Based on the above, the CFI held that the upfront payment was revenue in nature.

Accordingly, the CFI dismissed the taxpayer’s appeal and upheld the board’s decision that both the upfront payment and the 40% royalties are chargeable to Hong Kong profits tax.

KPMG Observations

The source rules for royalty income

Subject to any further appeal by the taxpayer to a higher court, this judgment adds to the existing case authorities in Hong Kong on the source of royalty income, namely the CIR v HK-TVB International Ltd and Lam Soon Trademark Ltd v CIR cases. Consistent with these two precedents and the Inland Revenue Department’s position in Departmental Interpretation and Practice Notes No. 22 on taxation of royalties, the CFI in this case held that the source of royalty income from licensing and sub-licensing of an intellectual property (IP) is the place(s) where the licensing and sub-licensing agreements are effected rather than the place of use of the IP. This is different from the international norm under tax treaties where the place of residence of the royalty payer (which generally is also the place of use of the IP) is regarded as the source state of the royalties.

Apportionment between onshore and offshore royalty income

In the present case, it appears that the taxpayer only pursued an offshore claim on the 40% royalties (but not the minimum royalty retained under the same sub-licensing arrangement).

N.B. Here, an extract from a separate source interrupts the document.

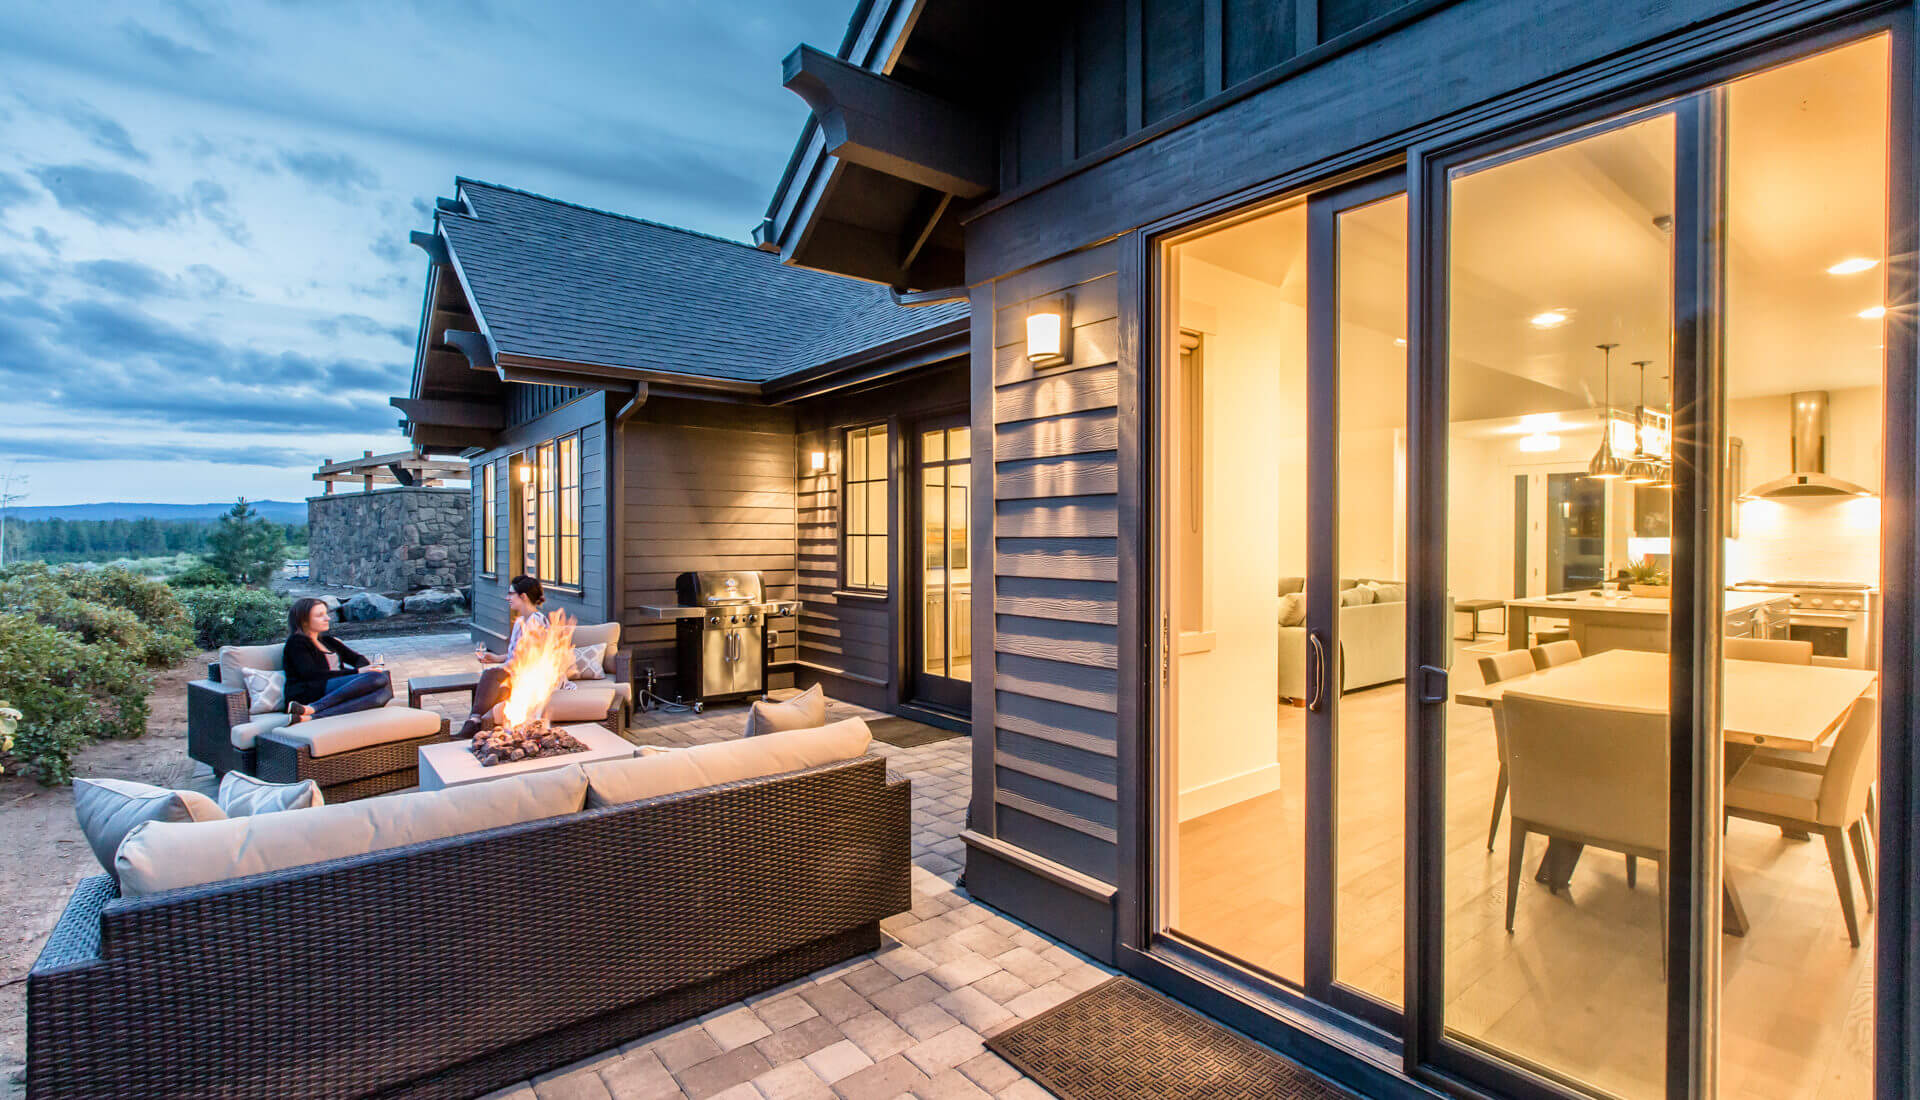 tetherow-vacation-rental-alpine-22-53-1920x1100
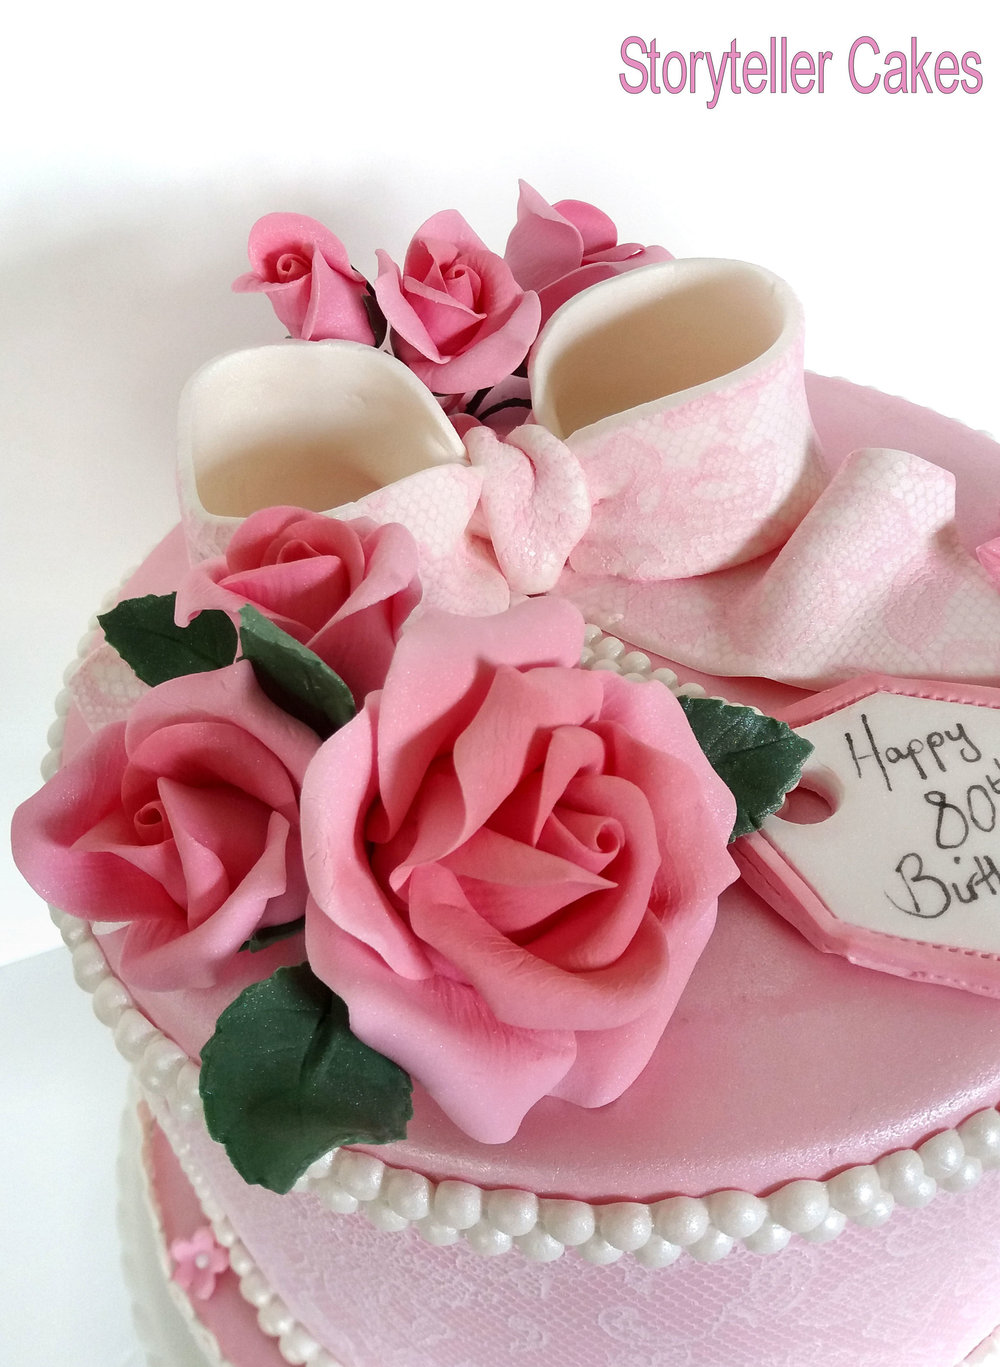 rose cake 4.jpg

It is not clear from what was disclosed in the court judgement whether the minimum royalty was treated as onshore and taxable and if yes, the taxpayer’s basis of adopting differential tax treatments for the two amounts which were both derived under the same sub-licensing arrangement.

DIPN 22 is silent on whether there could be an apportionment of royalty income between onshore and offshore sourced. Also, there have not been any precedent cases specifically dealing with this issue so far. In cases where the activities for producing the royalty income are performed both in and outside Hong Kong, apportionment of the royalty income should be considered.

Capital vs revenue nature of income receipts

While there are relatively more precedent cases in Hong Kong dealing with the issue of whether an expense item is capital or revenue in nature, this case discussed the principles for determining the nature of an income item. In particular, the court pointed out that an item that is a revenue expenditure in the hands of the payer does not necessarily mean the same item is a revenue receipt from the payee’s perspective. In fact, the upfront payment in this case is more akin to a capital expenditure in the hands of UK Co X as it was a one-off payment giving rise to a right that generated a long-term benefit.

Impact of the FSIE regime on foreign-sourced IP-related income

Whatever the final outcome of this case, under the existing foreign-sourced income exemption (FSIE) in Hong Kong, a similar non-taxable claim on offshore royalty income received in Hong Kong by a Hong Kong entity within a multinational group will be available for royalties derived from a patent, or an IP similar to patent only, and subject to the fulfilment of the newly introduced nexus requirement. In addition, under the expanded FSIE regime (i.e. expanded to cover foreign-sourced gains from disposal of all types of assets), effective from 1 January 2024, an upfront payment received under a licensing or sub-licensing arrangement, even if being foreign-sourced and capital in nature, may nevertheless be taxable if it represents an income from sale of a covered asset (which is widely defined to include any movable property and immovable property, and effectively means all assets in the laws of Hong Kong).

1 The CFI judgment can be accessed via this link to the Judiciary website.

2 In the Newfair case, the CFI held that the taxpayer did not carry on any trade or business in Hong Kong although it had a registered office in Hong Kong. For more details of the case, please refer to our Hong Kong (SAR) Tax Alert – Issue 5, April 2022.